00:33:10.640 This links into the reminder that assumptions can diverge over time; sometimes, preserving support for legacy implications becomes increasingly irrelevant. In this light, open source can benefit by retaining flexible opportunities to reintegrate assumptions.
00:34:09.760 So long as you keep track of assumptions and track edge cases, you will make more informed architectural decisions. Adopting a conscious reflection process allows you to evade emotional bias when considering past impressions. Documentation ensures that new contributors navigate the ever-evolving landscape without apprehension.
00:35:47.720 Above all, I want to emphasize the importance of conversations surrounding technical assumptions and integrate opportunities for growth, so that developers feel empowered when examining cruft and encouraged to address it—all while simultaneously being aware of the potential for redemption.

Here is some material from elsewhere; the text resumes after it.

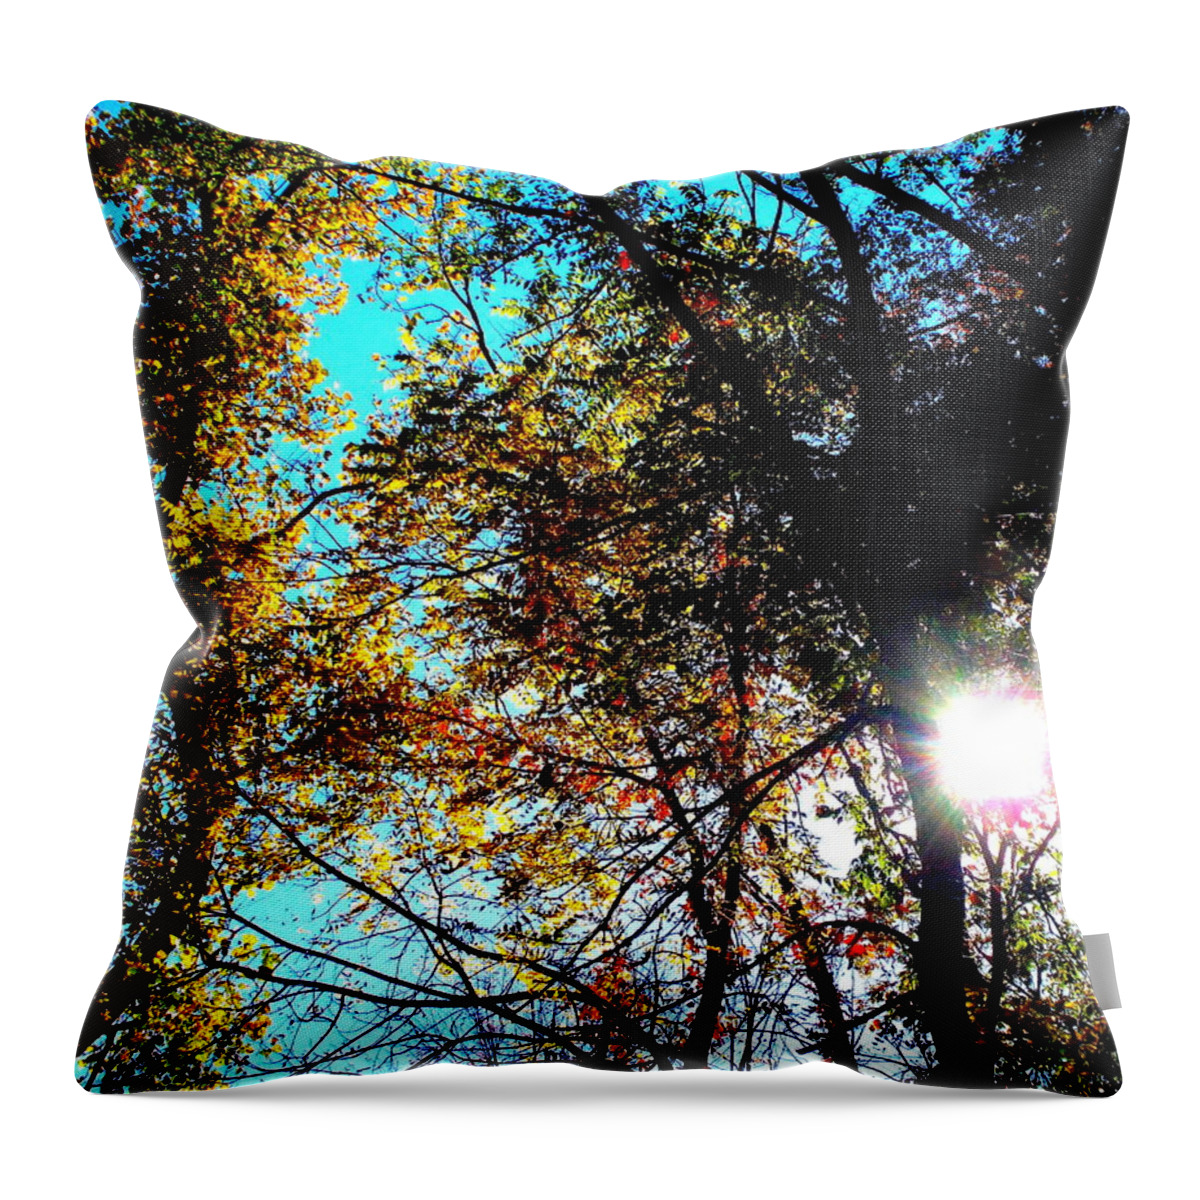 Falling Into Color Throw Pillow featuring the photograph Falling into Color by Darren Robinson
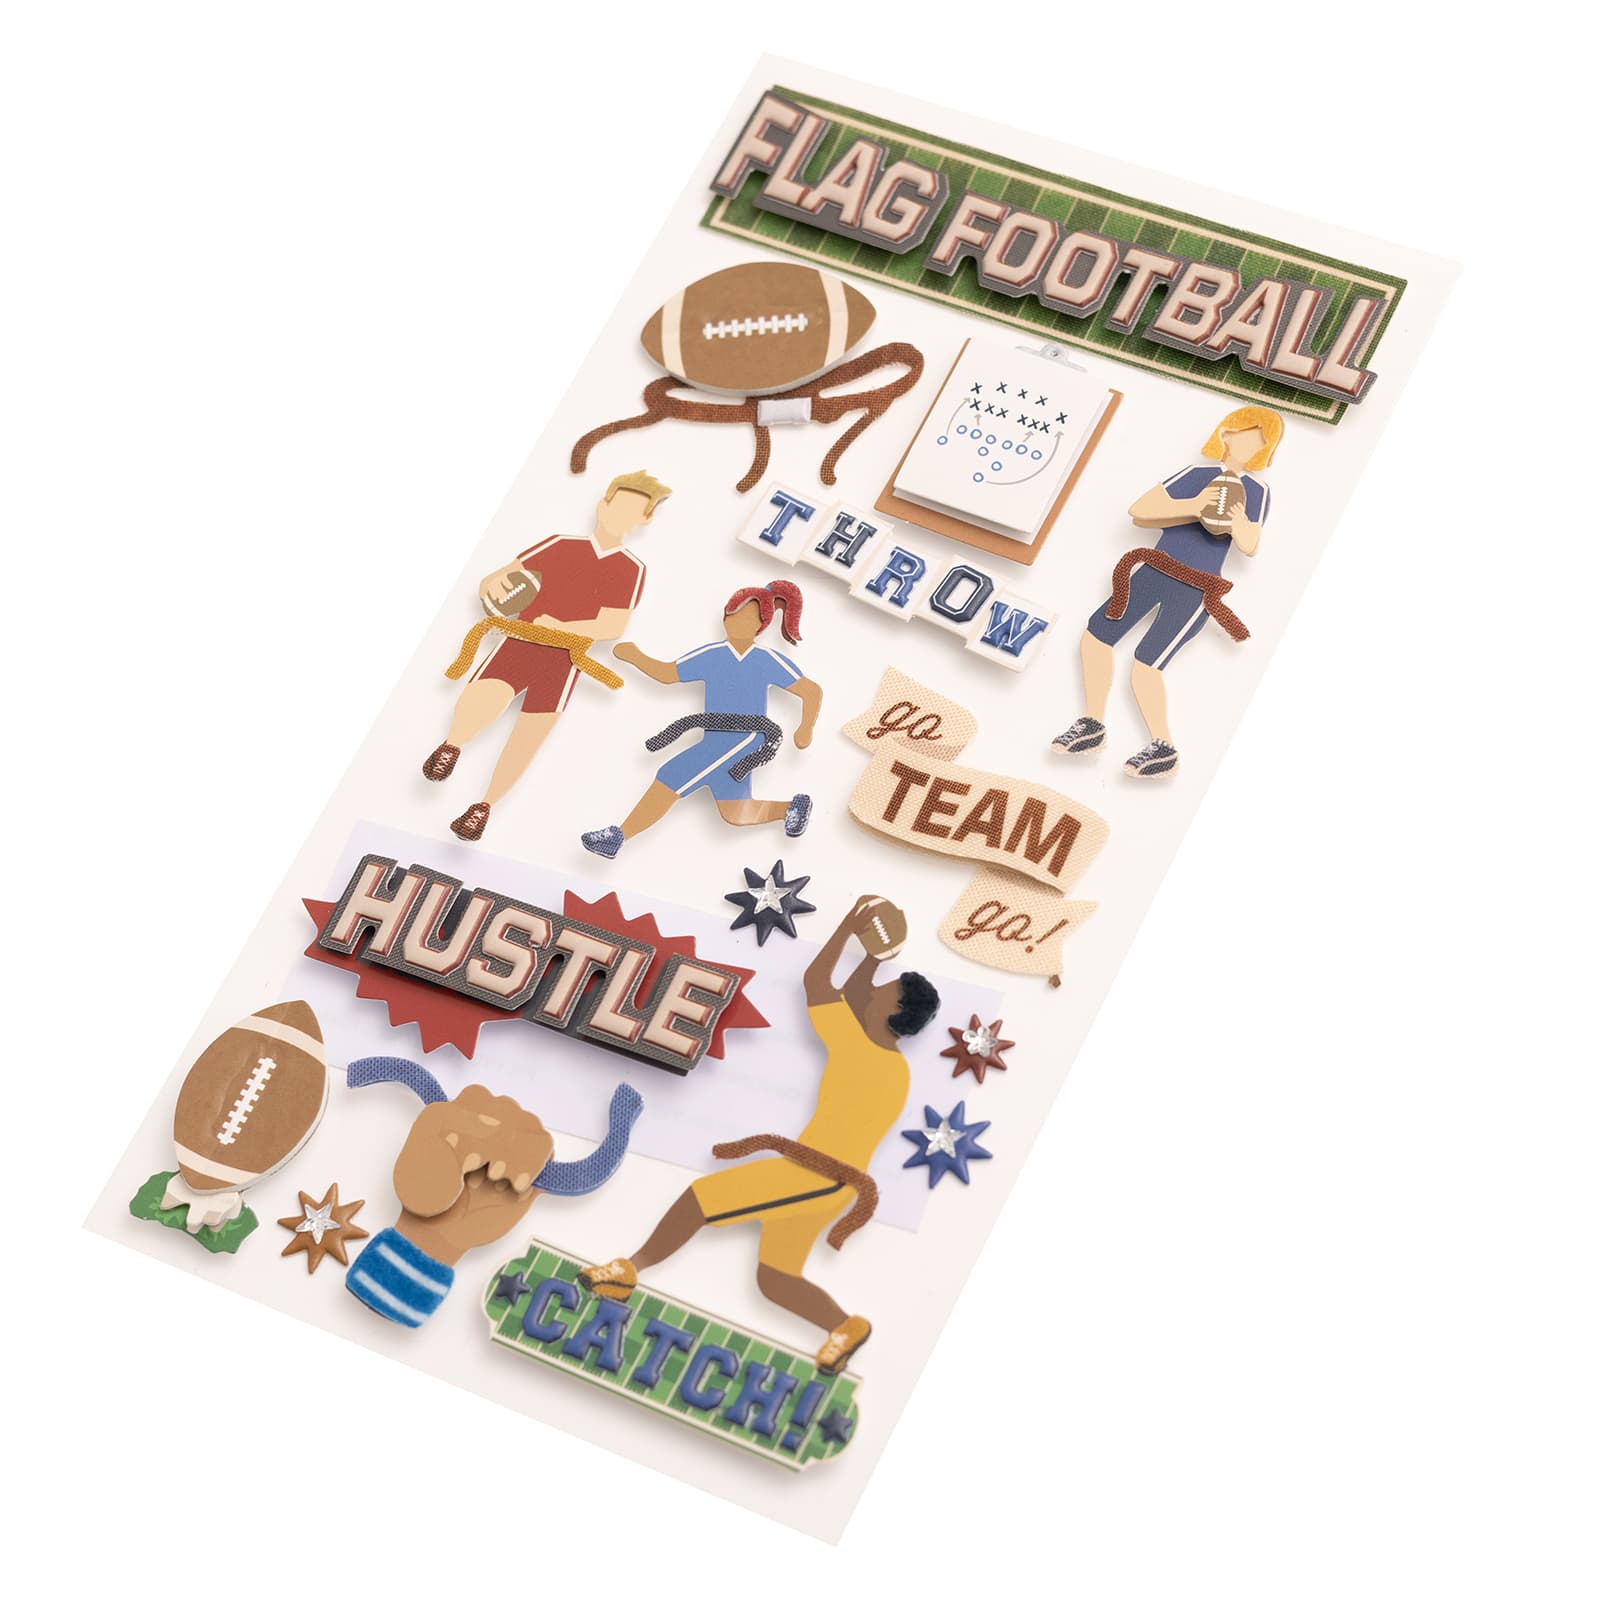 Flag Football Dimensional Stickers by Recollections&#x2122;

00:36:39.280 Thank you very much!
00:38:13.520 Josh, do I have time for questions? Yes, my clock says 30 something minutes. Absolutely! Yes, we do have time for questions, and I'm going to start. How about the test suite as a place to track cruft? Someone else asked me this question the last time I gave this spiel.
00:43:34.720 The test suite can certainly be a good place to track cruft, and for every piece of cruft, there should be a test. However, the goal is to maintain a section with the specific job of listing assumptions and how those affect architecture, rather than just running tests. It's important to have tests that confirm assumptions remain valid, particularly for persistent bugs.